Allowing a 100th of a second to fit each model our sun will have expired well before finishing.
There are algorithms (such as leaps and bounds) which have made this problem far more tractable, but 100+ variables is considered a big problem
The common algorithms are restricted to basic ordinary-least-squares problems.

Step selection methods

Very simple conceptually and are far smaller problems than searching all subsets.
They may not (probably won't) return the optimal' model
We must set our objective measure - such as the adjusted-\( R^2 \) or AIC

Forwards selection

Begin with a very simple model e.g. \( \mathbf{y}=\hat{\beta}_0 \)
Add the best' covariate to the current model e.g. the \( x \) that explains the greatest variance on its inclusion, or decreases the AIC most etc.
Repeat step 2 until a stopping rule is achieved e.g. the adjusted-\( R^2 \) is no longer increases, AIC is minimised etc.

Backwards selection

Begin with a very complex model e.g. contains all covariates \( \mathbf{y}=\mathbf{X}\hat{\boldsymbol{\beta}} \)
Remove the least informative covariate from the current model e.g. the covariate with the largest \( p \)-value for the \( t \)-statistic from its parameter estimate, or decreases the AIC most, etc.
Repeat step 2 until a stopping rule is achieved e.g. the adjusted-\( R^2 \) is no longer increases, AIC is minimised etc.

Stagewise selection

Begin with a very complex model,
Remove the least informative covariate from the current model
(after first iteration) Determine if one of the excluded variables could be profitably exchanged with a variable in the model (such as a net decrease in the AIC) - swap if this is true.
Repeat from step 2 until a stopping rule is achieved e.g. the adjusted-\( R^2 \) is no longer increases, AIC is minimised etc.
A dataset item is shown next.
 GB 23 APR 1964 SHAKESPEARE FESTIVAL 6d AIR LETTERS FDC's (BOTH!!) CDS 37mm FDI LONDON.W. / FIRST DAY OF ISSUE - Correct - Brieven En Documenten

The same rationale can be applied but from a very basic starting model, increasing in complexity.

Further Considerations

Still ongoing work in efficient methods to select models even within this simple regression context - see Efron et al. 2004
Don't read it in detail - however the discussion p452 onwards demonstrates the still-contentious nature of this subject
The brief coverage here represents methods established 30 years ago.
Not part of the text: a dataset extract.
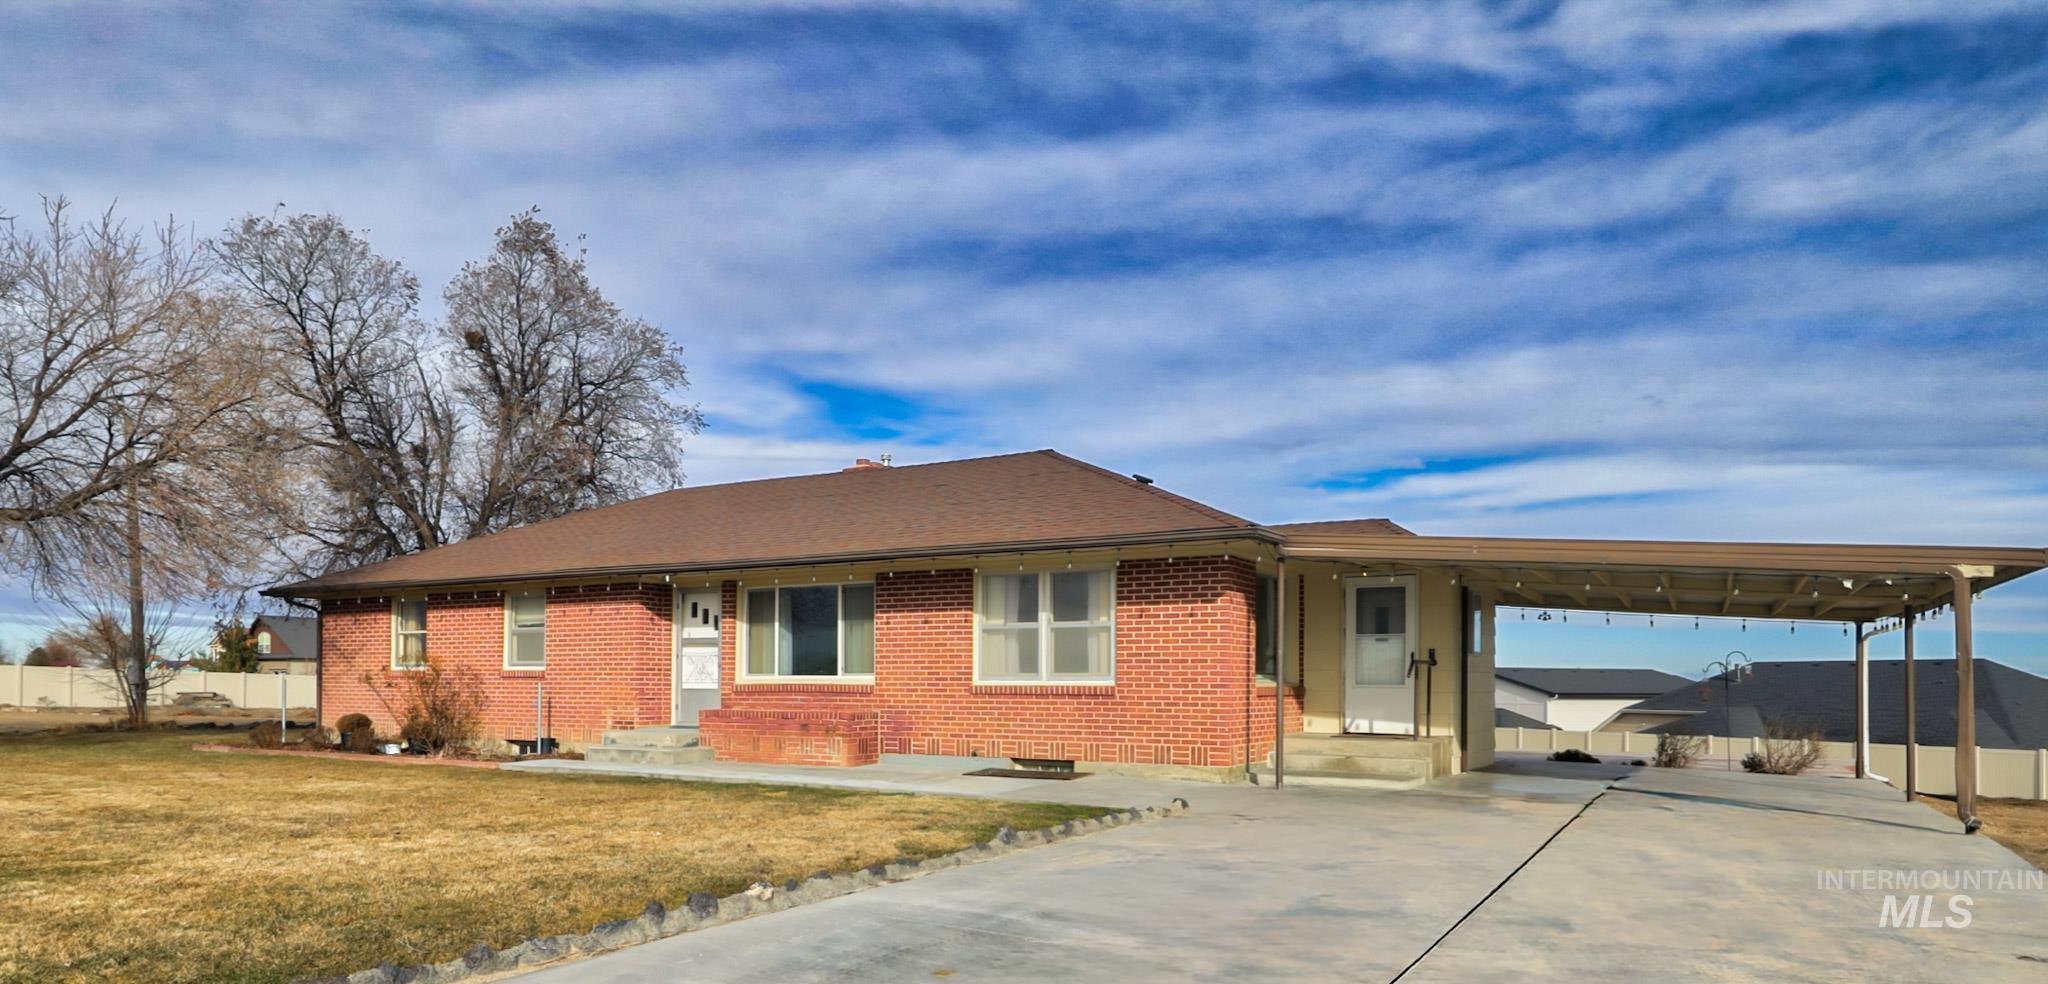 11652 Lake Lowell Ave., Nampa, Idaho 83686, 5 Bedrooms, Business/Commercial For Sale, Price $825,000,MLS 98902458

Don't expect your automated model selection to be clever:

Model is likely to be sub-optimal even for our selected measure of best'.
Different selection methods can (very likely) give contradictory final models.
What thresholds should be employed in the selection process? (includes in and out criteria for stagewise).
Clearly the possibility of truly irrelevant variables being included just by chance.
In the case of covariate correlations proxies may be selected.
Interpretation of model components must be tentative.